Mi ruta salvaje llega hasta el centro del misterio, atraviesa el huracán y las tormentas para, finalmente, alcanzar el sosegado corazón de mi alma.
Nathan Hope

martes, 25 de septiembre de 2012

Ya está aquí el otoño

Según el telediario, anteayer a las cinco menos diez de la tarde llegó el otoño. Así, sin previo aviso, a quemarropa. Siempre me ha llamado la atención la exactitud con la que los humanos determinamos la llegada de las estaciones. La vida fluye tan suave y ligera y nosotros tenemos tanta tendencia a la medición y  la exactitud que no me extrañan tantos dolores de cabeza y de cervicales. El caso es que con el fin del verano dejaremos de ver chicas bonitas en la playa, pero las veremos con sus gorros de lana y sus bufandas caminar por las calles, protegiéndose de la lluvia bajo las cornisas de los edificios. A mi me gusta el otoño. Disfrutaré los próximos tres meses de él hasta que un día cualquiera, sin previo aviso, a quemarropa, a las cinco menos diez de la tarde, me anuncien que ha llegado el invierno.

lunes, 10 de septiembre de 2012

Meditación transcendental con gato.

Cansado de espolvorear estrellas, adopté tres gatos y me exilié en una alfombra trenzada  a mano.Desde mi atalaya contemplo impávido el hundimiento, la carcoma inexorable que avanza devorando los pensamientos ingrávidos, el fluir de la nada absoluta en corazones ajenos, la cronicidad del dolor cotidiano, sordo, casi imperceptible.Un huracán se agita fuera de este espacio, tan reducido como un latido.La sangre sigue corriendo a borbotones mientras el carnaval se acelera y el futuro languidece eclipsado por un presente sintético.

Desde aquí, con el ritmo de una rutina de insecto, observo el vacío sin vértigo. Mi sedoso cordón umbilical es cada día más fino y unas alas pugnan por romper la queratina que me cubre el alma. Vidas pasadas me visitan con presencia translúcida y me susurran que todo está bien, pero yo sé que no volveremos a conocer el mundo donde las flores eran eternas.                                                                                        Nathan Hope.
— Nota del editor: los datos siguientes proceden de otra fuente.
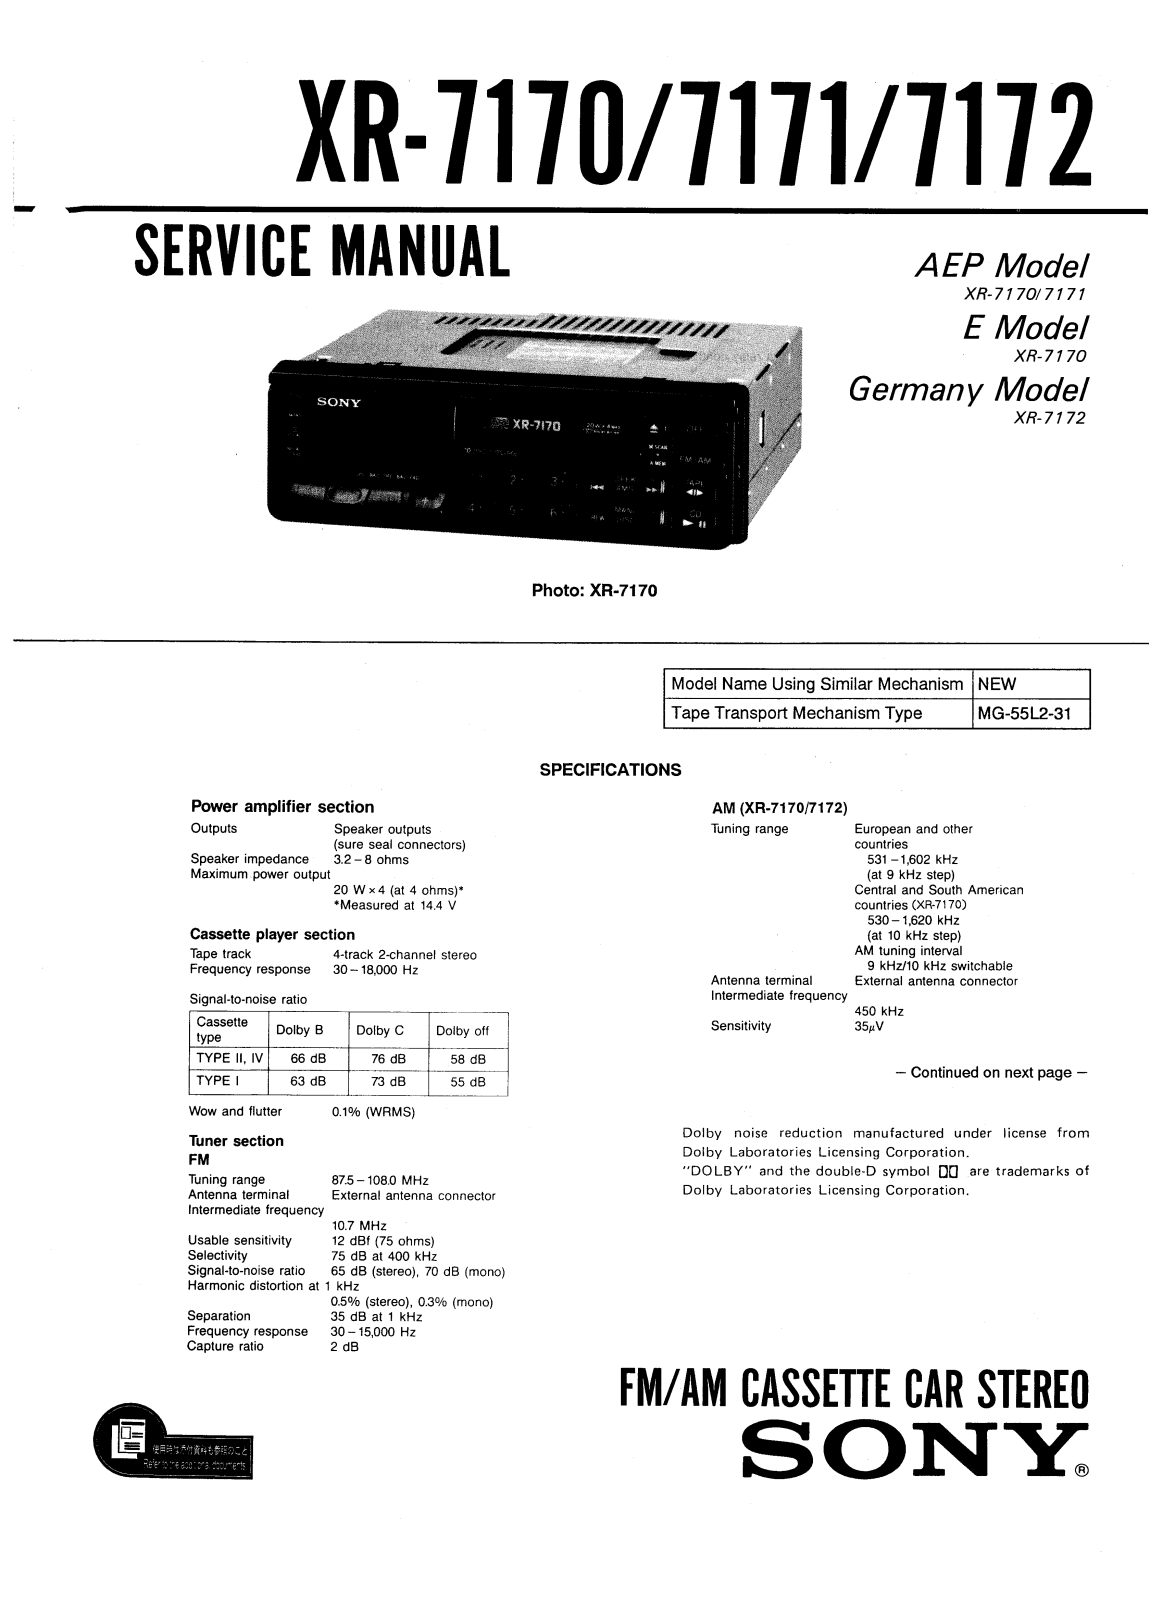 SONY XR-7170, XR-7171, XR-7172 Service Manual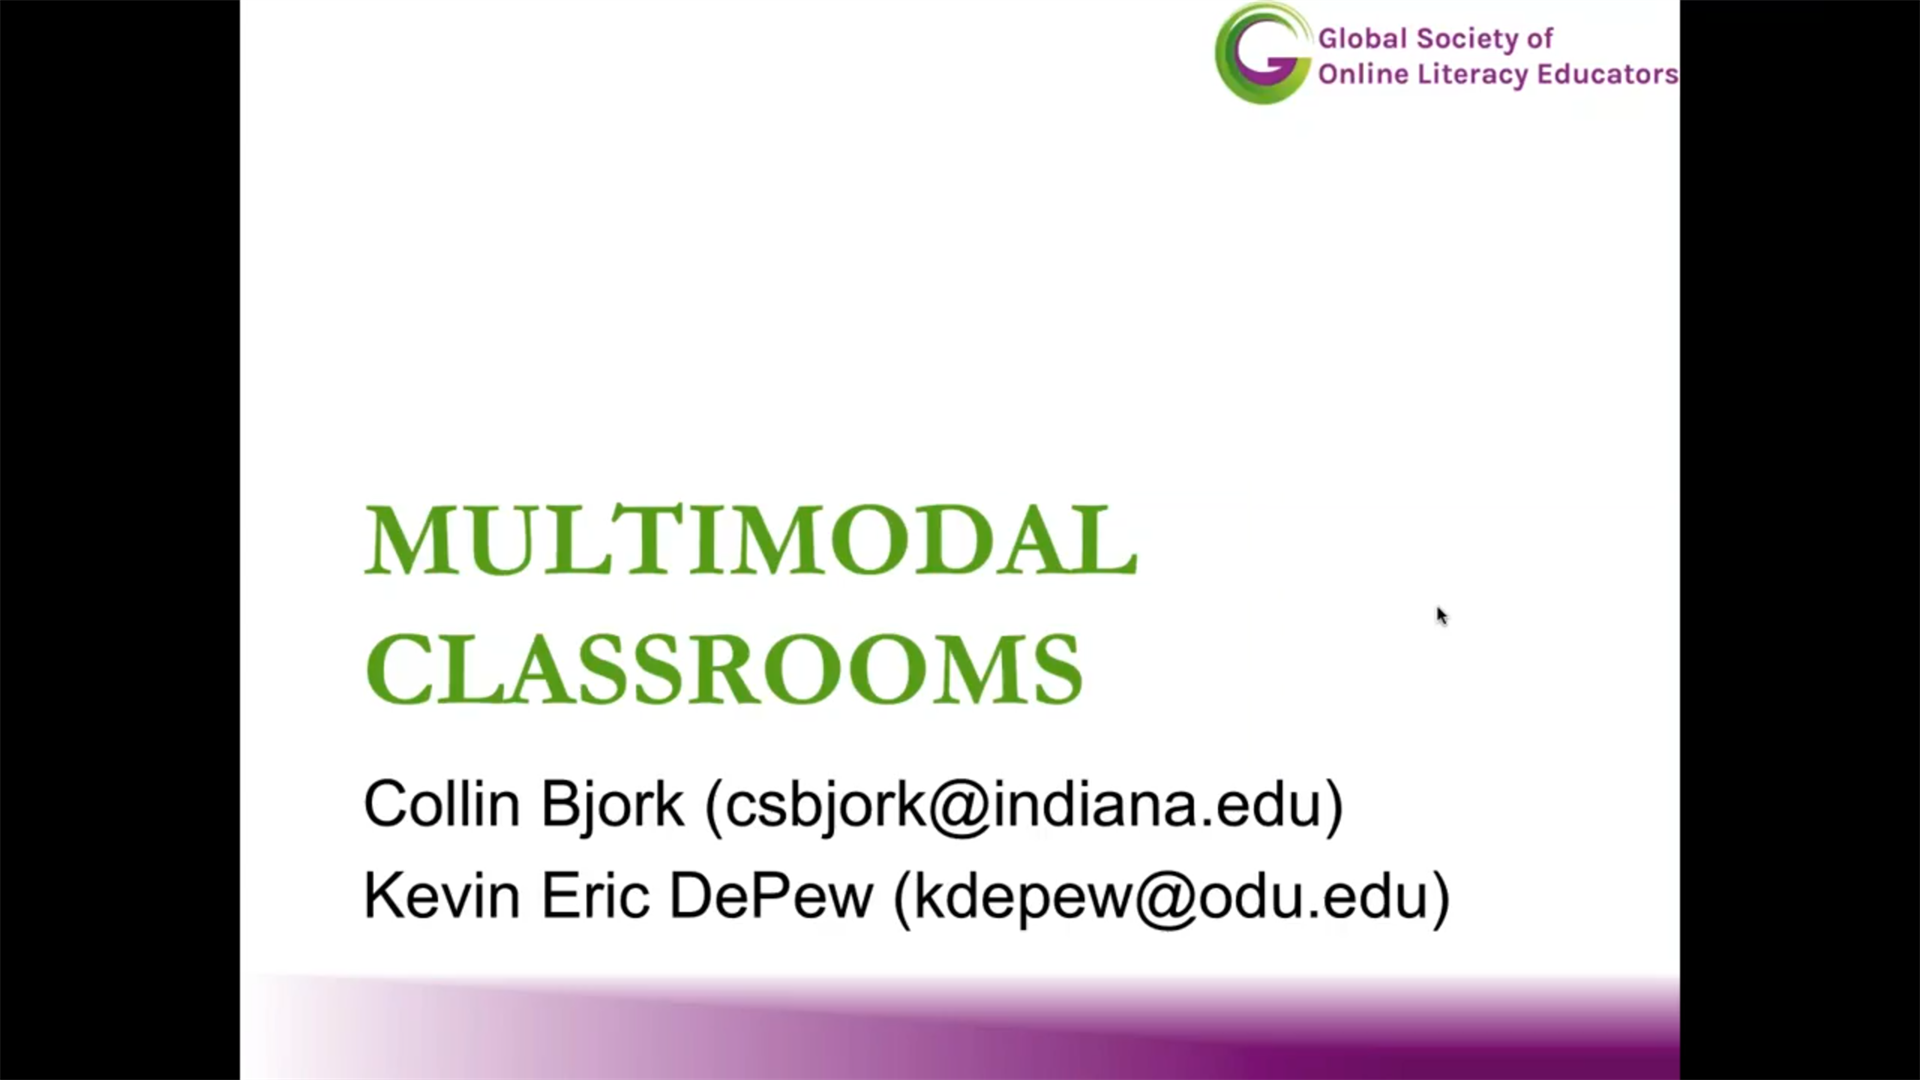 Webinar Screen Capture: Slide title "Multimodal Classrooms"

jueves, 6 de septiembre de 2012

Fotografía polémica

Yo era muy joven cuando realicé esta fotografía. Por entonces me dedicaba a emular (por no decir copiar, fusilar o plagiar) a los grandes maestros que me servían de inspiración. Esta imagen era mi pequeño homenaje a Robert Mapplethorpe, fotógrafo homosexual de vida arrebatada que vivió intensamente y murió de sida cuando apenas rondaba la cuarentena. La imagen levantó ampollas, sobre todo en el sector feminista de los 80´s. Nunca entendí las críticas recibidas porque, en todo caso,  para mi, esta fotografía, era un juicio sumarísimo a la manera de vivir el sexo por parte de los hombres. Por entonces me sentía cercano al feminismo y  algún otro ismo, pero aquella reacción me hizo pensar  acerca de cuál era el sentimiento profundo de aquel colectivo del que hoy, muy a mi pesar, me encuentro tan distanciado.Lo mejor de crear es exponerte públicamente a la mirada de los demás. Las observaciones del público te dan una visión amplia sobre la condición humana.

Selfportrait


Lo bueno de interpretarse fotográficamente es que así, congelado como un tipo duro, nadie nota que tiemblas como un flan.